In [12]: %timeit ds_s3.scanner(limit=100).explain_plan()
281 μs ± 682 ns per loop (mean ± std. dev. of 7 runs, 1,000 loops each)
In [13]: %timeit ds_s3.scanner(filter="true", limit=100).explain_plan()
24.4 ms ± 2.58 ms per loop (mean ± std. dev. of 7 runs, 10 loops each)
In [14]: %timeit ds_local.scanner(limit=100).explain_plan()
275 μs ± 623 ns per loop (mean ± std. dev. of 7 runs, 1,000 loops each)
In [15]: %timeit ds_local.scanner(filter="true", limit=100).explain_plan()
831 μs ± 3.17 μs per loop (mean ± std. dev. of 7 runs, 1,000 loops each)
planning query with filter is a lot slower than a query without filter. This is especially obvious over a dataset on S3. This suggests that we are likely doing IO repeatedly and should instead cache the IO.

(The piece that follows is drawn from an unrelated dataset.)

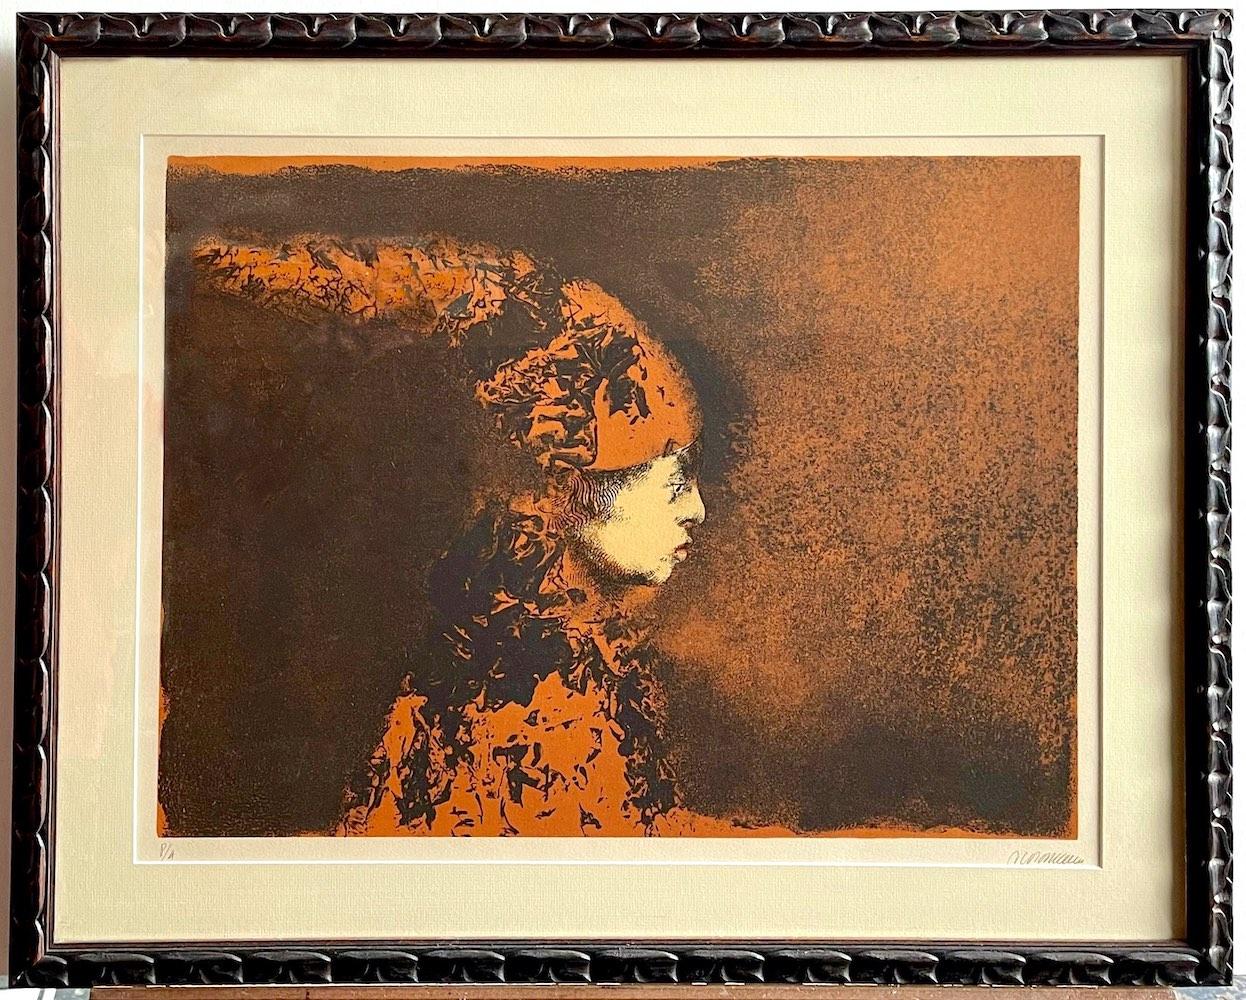 Niño Payaso is an original hand drawn stone lithograph by the Mexican artist Rafael Coronel. Niño Payaso was printed one color at a time on archival printmaking paper using traditional hand lithography techniques in Paris c.1973 from lithographic

I believe the I/O is done when we lookup which columns have eligible scalar indices. I think there's a caching opportunity here we are probably missing.
repro
planning query with filter is a lot slower than a query without filter. This is especially obvious over a dataset on S3. This suggests that we are likely doing IO repeatedly and should instead cache the IO.